The affect of electromagnetic forces on the diffusion of charged species has been observed by Freeman et. al to increase the diffusion of a charged species in an ionic crystal [1]. Additionally, previous work by Bykov et. al demonstrated that the presence of an electro-magnetic field during the thermal treatment of an aluminum oxide membrane affected the amount of diffusion occurring in the membrane [2]. It was shown that a significant increase in diffusion was seen when the pores were heated to 1100C with a 100 GHz gyrotron versus a conventional furnace. Experimentally, this increase in diffusion manifested itself as an increased amount of pore aperture shrinkage on the surface of the sample. These basic studies increase our understanding of nonthermal reactions due to the high frequency electric field forces present during microwave heating of materials. 

 

However, it was unknown whether this increase in mass transport is unique to the 100 GHz regime, as there had yet to be a study that analyzed the affects of lower electro-magnetic frequencies on diffusion. This paper illustrates the difference in the amount of diffusion occurring in aluminum oxide membranes heated in a 2.45 GHz microwave furnace versus those heated in a conventional furnace. Aluminum oxide membranes with an average pore diameter of 200 nm were heated in a resonant cavity microwave system operating at 2.45 GHz and compared to specimens heated in a conventional radiative tube furnace. The total thermal budget for the two techniques was kept the same. The net diffusion in the samples was calculated by analyzing the relative difference in pore size before and after the anneals via scanning electron microscopy. Though an enhanced mass transport effect was seen in the microwave heated samples, the manifestation of this increased diffusion was different than that seen by Bykov et. 

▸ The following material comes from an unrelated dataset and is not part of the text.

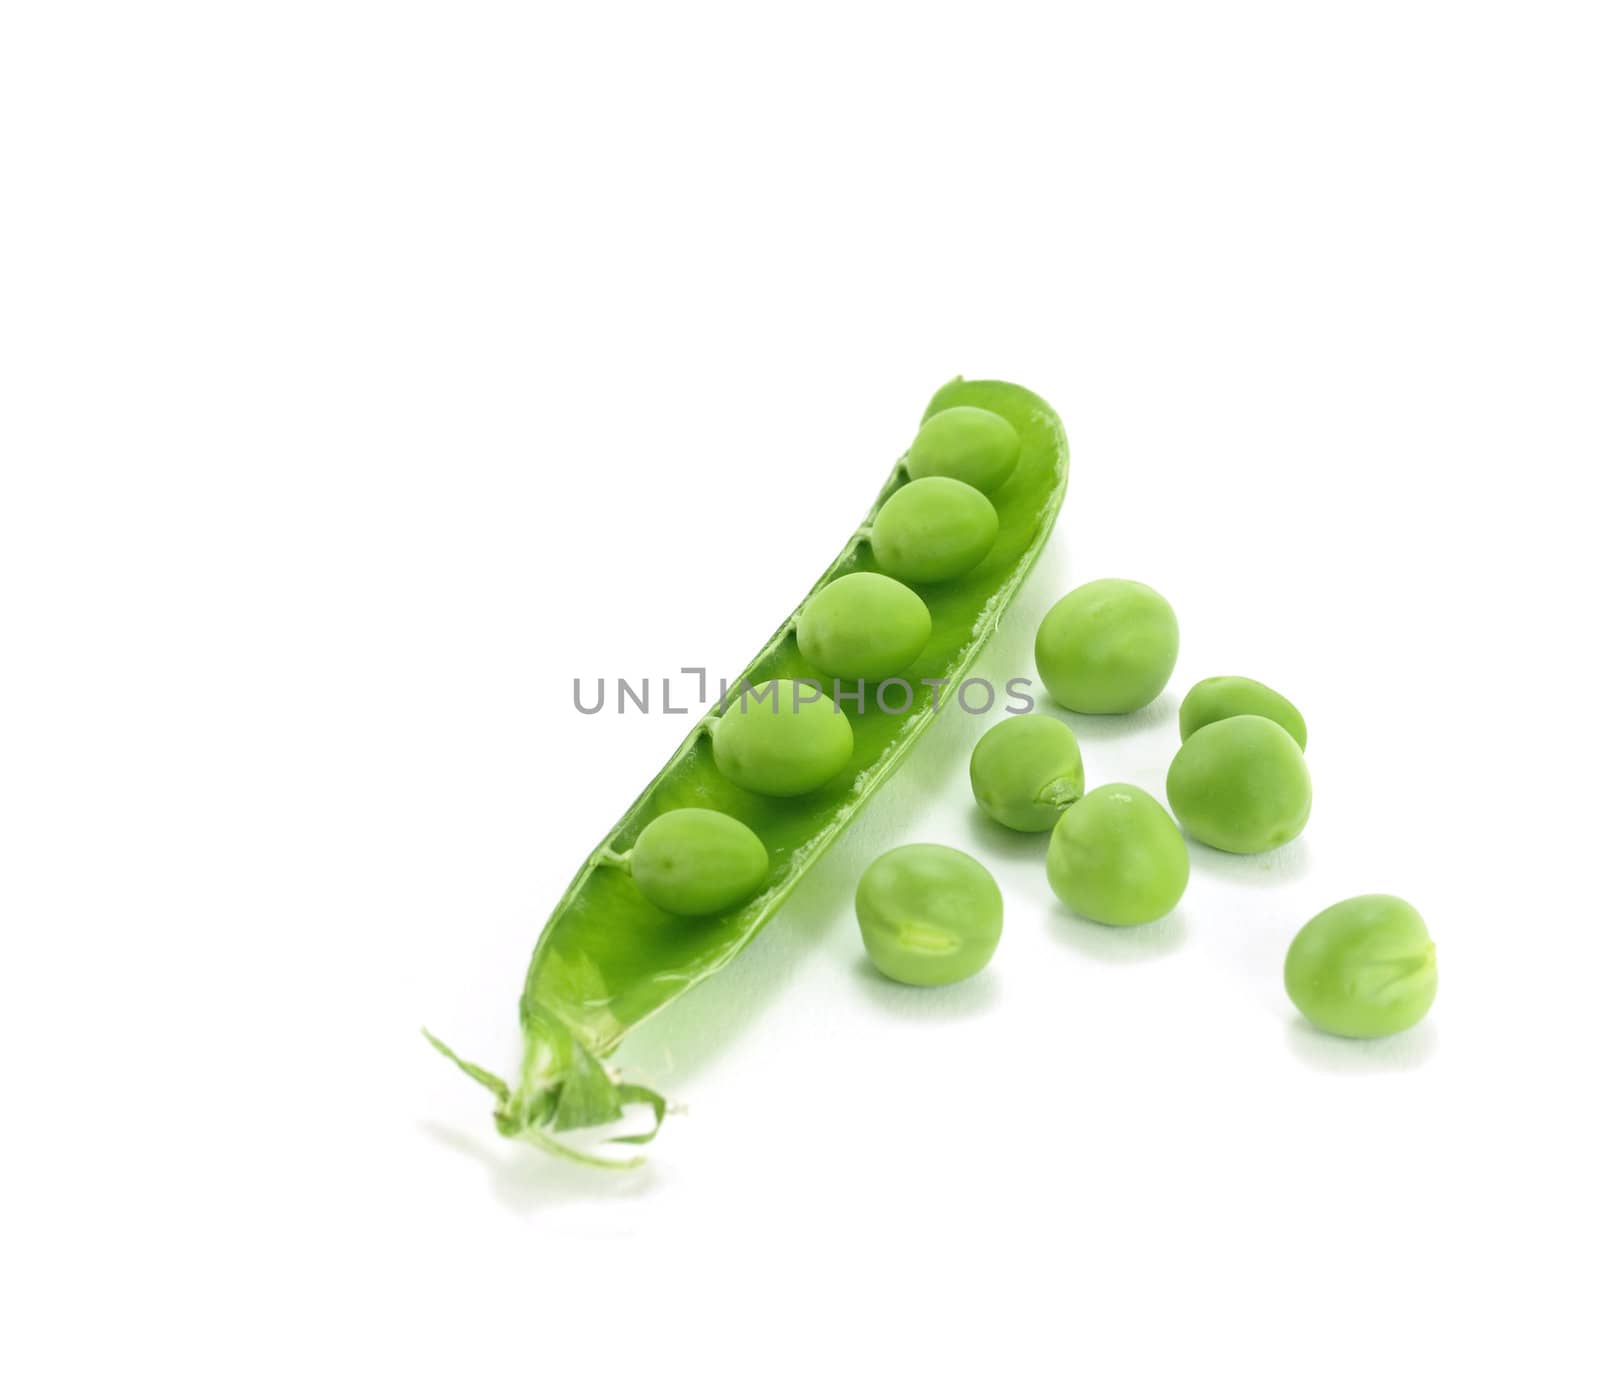 green peas background by Ric510

al. As opposed to a reduction in pore aperture diameter, the pores on the surface of aluminum oxide samples heated with 2.45 GHz microwave radiation experienced increased coalescence compared to 

samples heated in a conventional furnace. This difference between the two studies is likely due to the difference in the initial surface pore density of the samples. 

 

[1] S.A.Freeman, J.H.Booske, R.F.Cooper, "Nonthermal Affects of Microwave Radiation on Ionic Diffusion in Ionic Crystalline Ceramics," in Proceedings of IEEE International Conference on Plasma Science. (5-8 June 1995).